1) mixtures formed from a polydimethylsiloxane hydroxylated at the end of the chain (dimethiconol according to the CTFA nomenclature) and a cyclic polydimethylsiloxane (cyclomethicone according to the CTFA nomenclature), such as the products Q2 1401® or Dow Corning 1501 Fluid sold by the company Dow Corning;


2) mixtures formed from a polydimethylsiloxane gum with a cyclic silicone, such as the product SF 1214 Silicone Fluid® from General Electric, which is a gum SE 30® of MW 500 000 (-Mn) dissolved in SF 1202 Silicone Fluid® (decamethylcyclopentasiloxane);


3) mixtures of two PDMSs of different viscosities, especially of a PDMS gum and a PDMS oil, such as the products SF 1236® and CF 1241® from the company General Electric. The product SF 1236® is a mixture of an SE 30® gum defined above, with a viscosity of 20 m2/s., and of an SF 96® oil with a viscosity of 5×106 m2/s. (15% SE 30® gum and 85% SF 96® oil).

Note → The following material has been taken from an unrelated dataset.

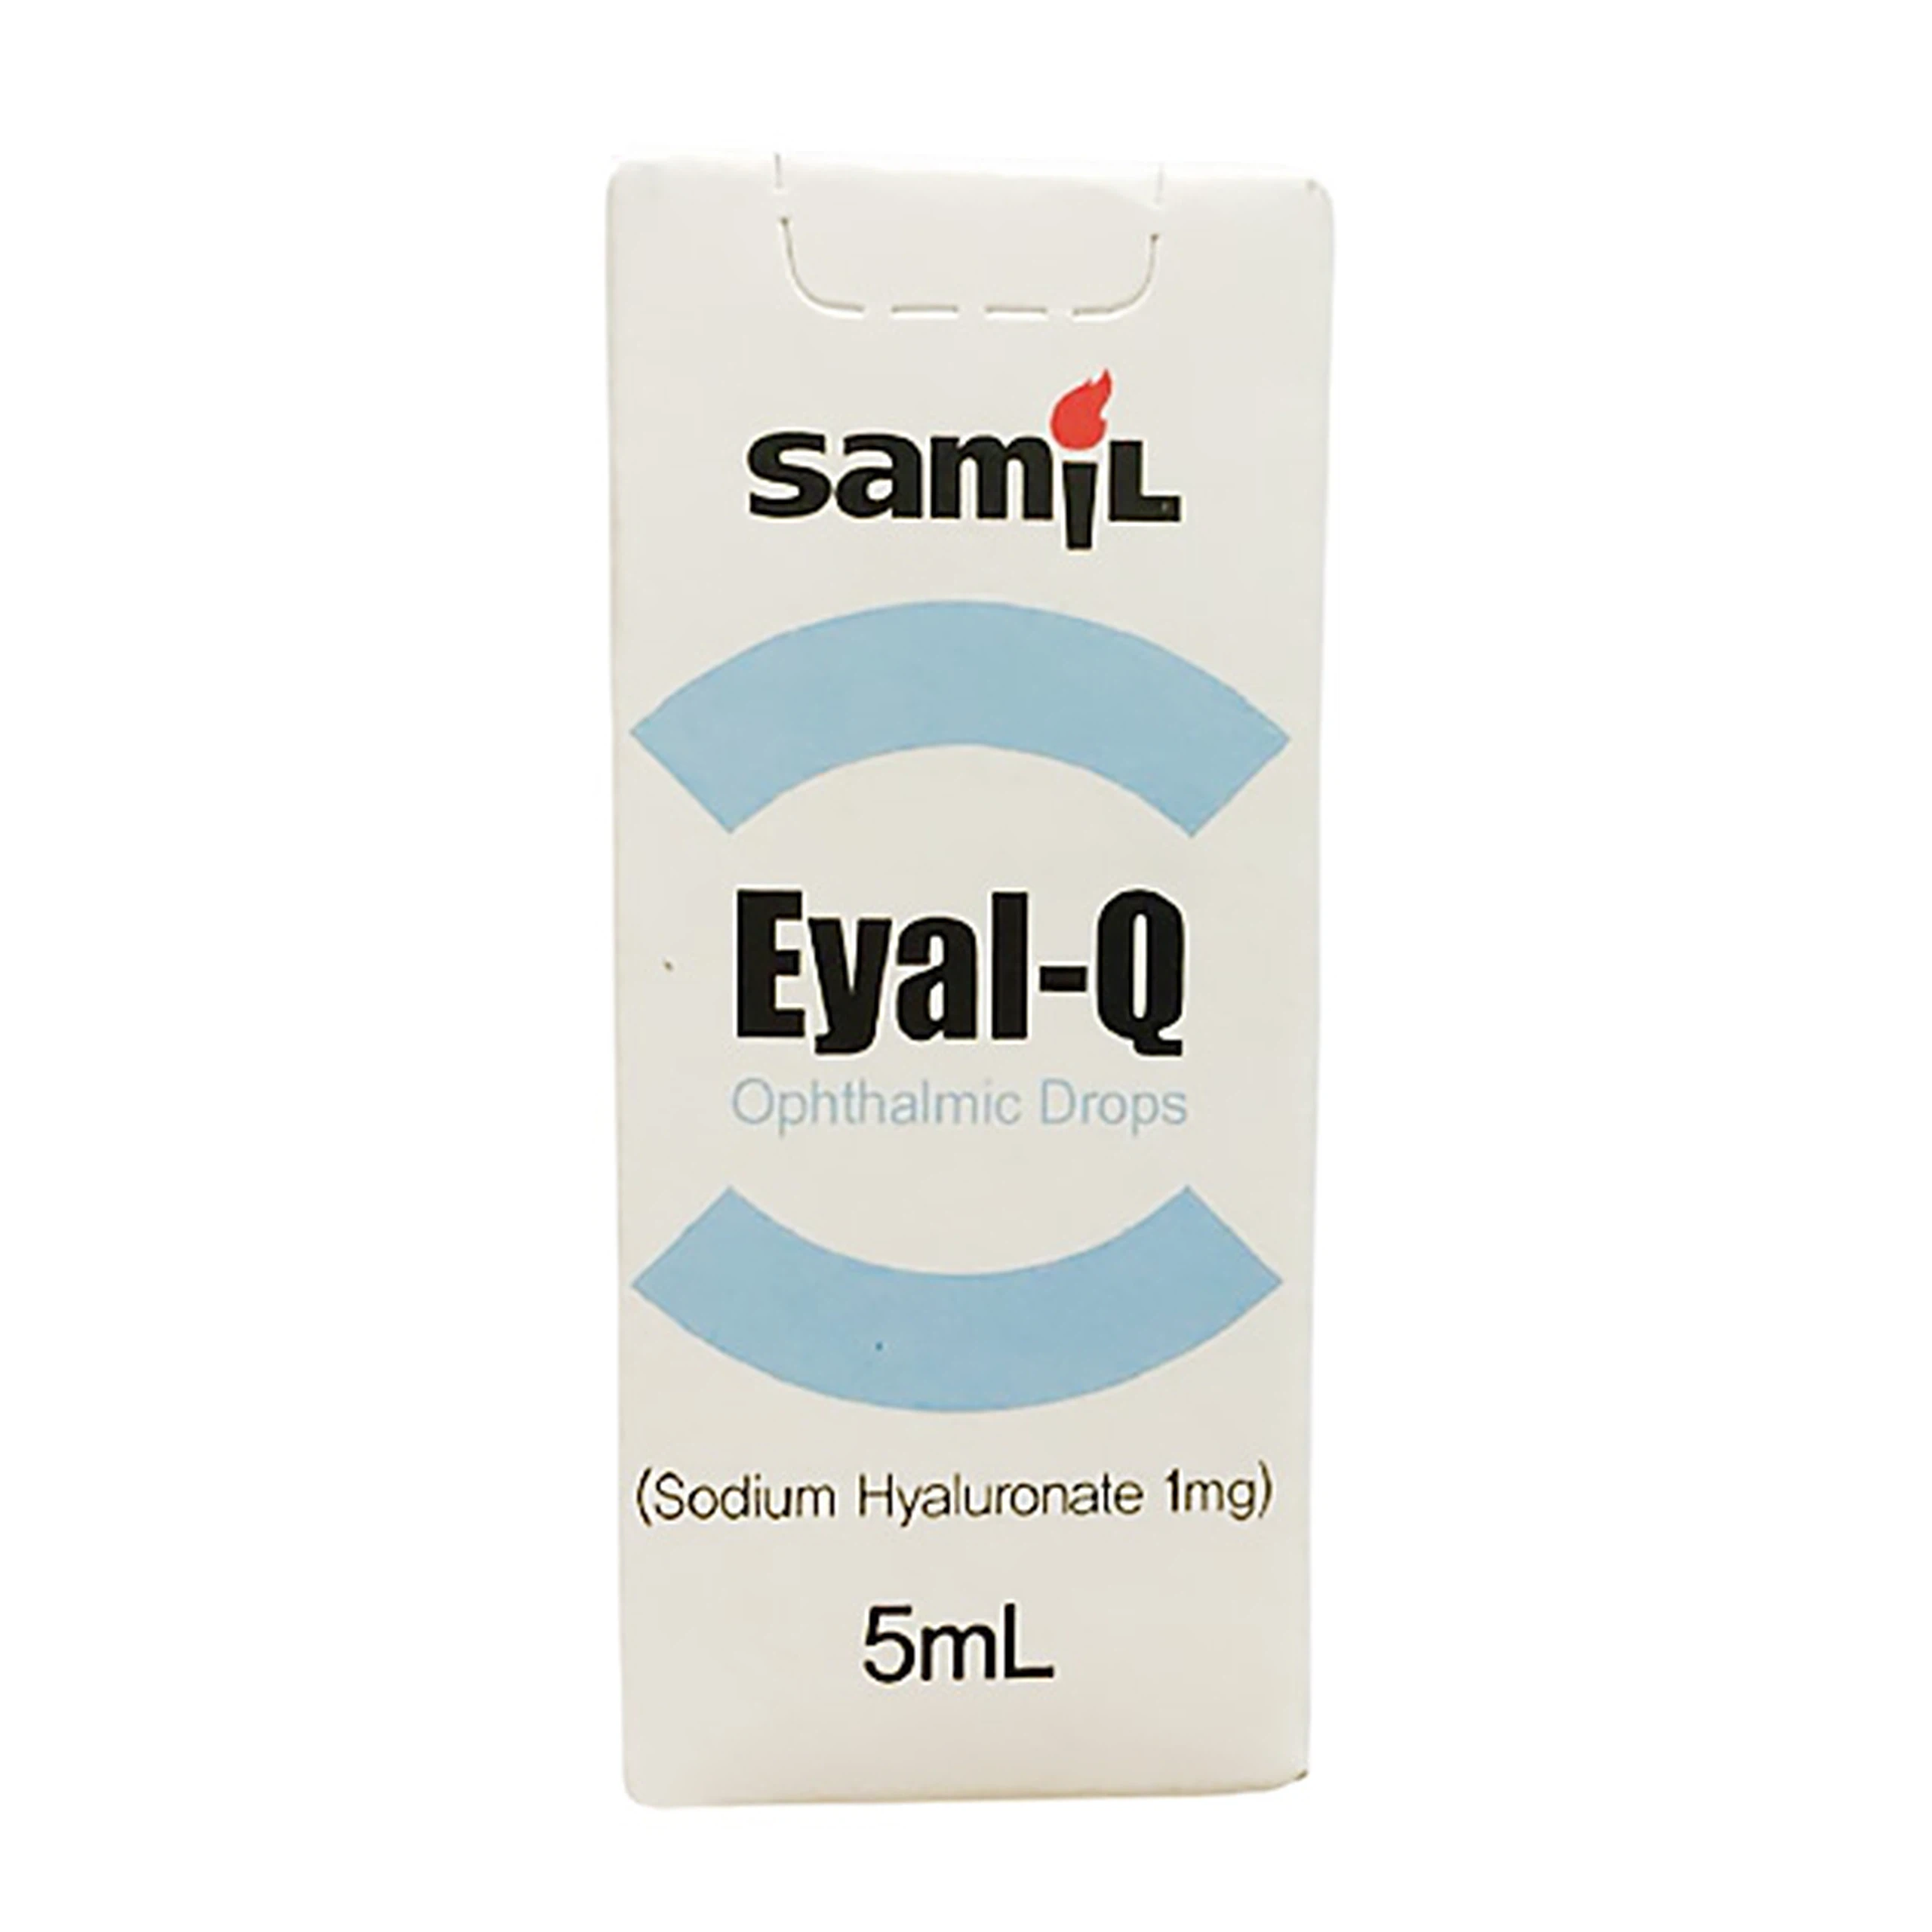 Thuốc nhỏ mắt Eyal-Q Samil giảm khô mắt, làm ẩm cho mắt (5ml)
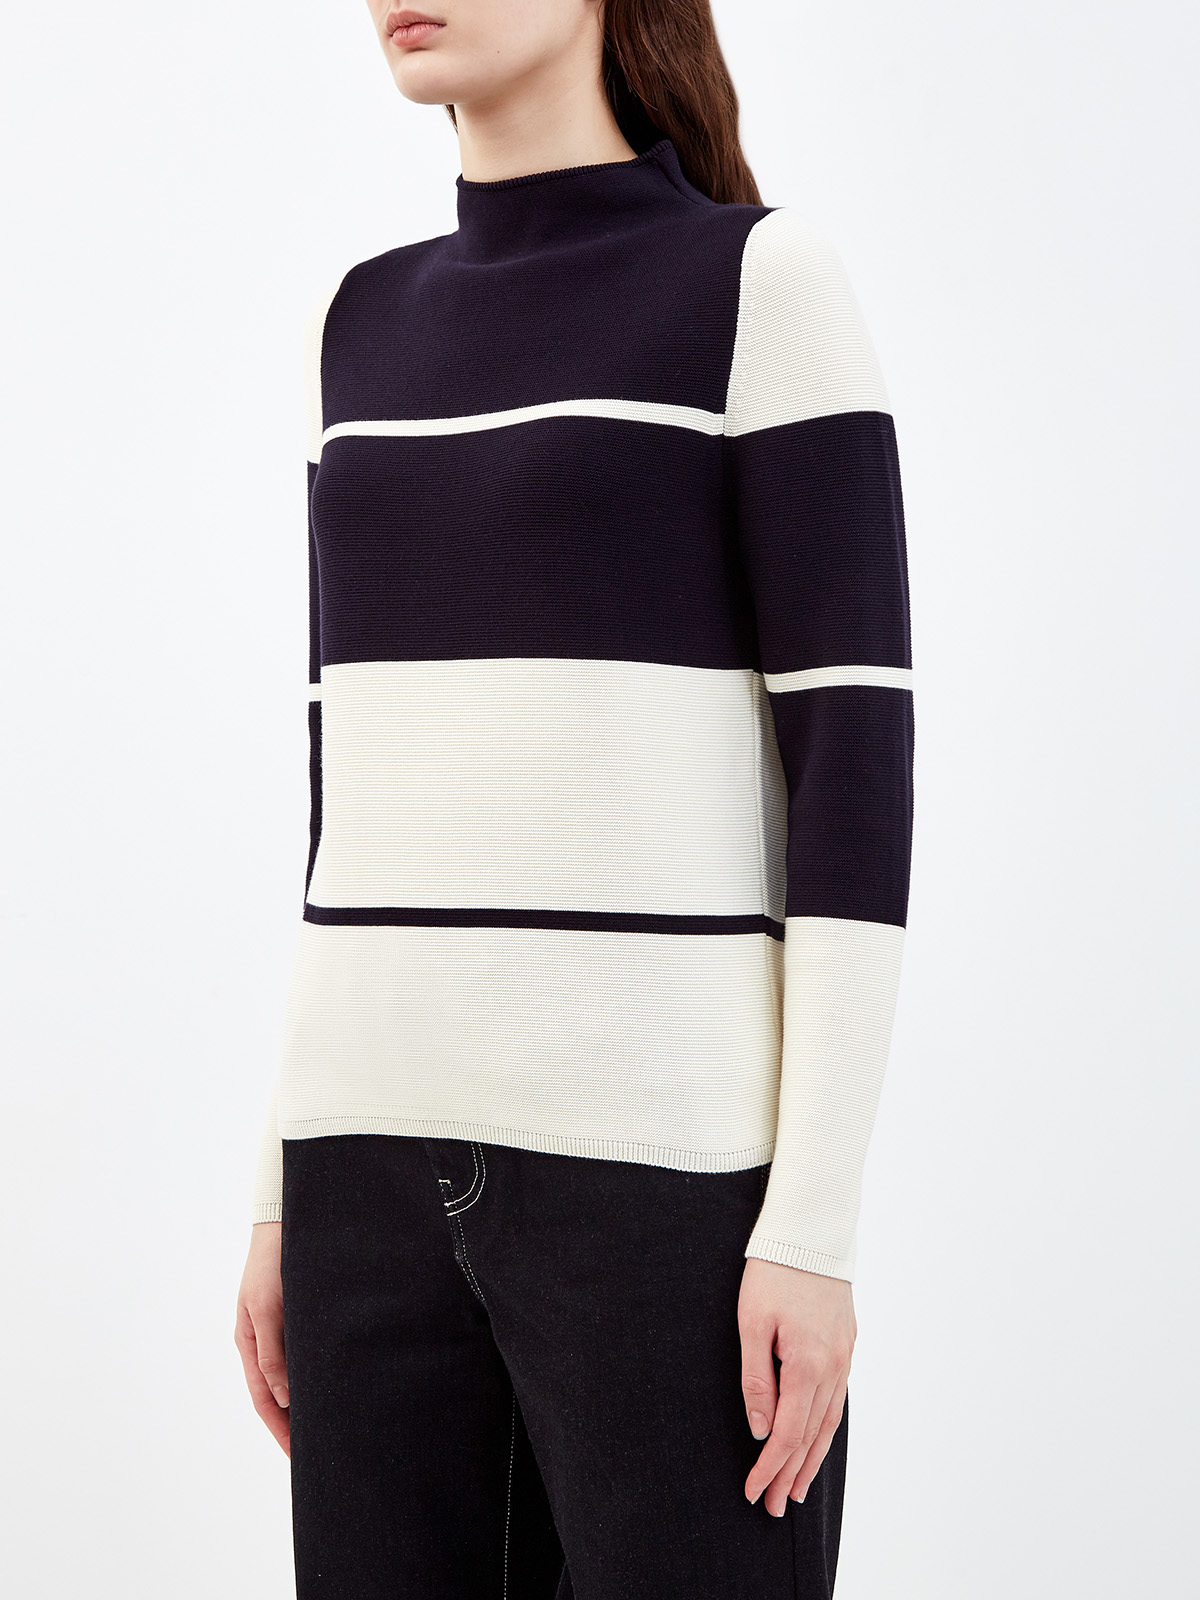 Пуловер из хлопковой пряжи в стиле colorblock LORENA ANTONIAZZI, цвет черно-белый, размер 40 - фото 3

The product CF 1241® is a mixture of an SE 30® gum (33%) and of a PDMS (67%), with a viscosity of 10−3 m2/s.


The organopolysiloxane resins that may be used in accordance with the invention are crosslinked siloxane systems containing the following units: R2SiO2/2, RSiO3/2 and SiO4/2, in which R represents a hydrocarbon group possessing 1 to 6 carbon atoms or a phenyl group. Among these products, those which are particularly preferred are those in which R denotes a lower (C1-C4) alkyl group or a phenyl group.


These resins include the product sold under the name Dow Corning 593® or those sold under the names Silicone Fluid SS 4230 and Silicone Fluid SS 4267 by the company General Electric, which are dimethyl/trimethylpolysiloxanes.


The organomodified silicones in accordance with the present invention are silicones as defined above, comprising, in their general structure, one or more organofunctional groups directly attached to the siloxane chain or attached via a hydrocarbon group.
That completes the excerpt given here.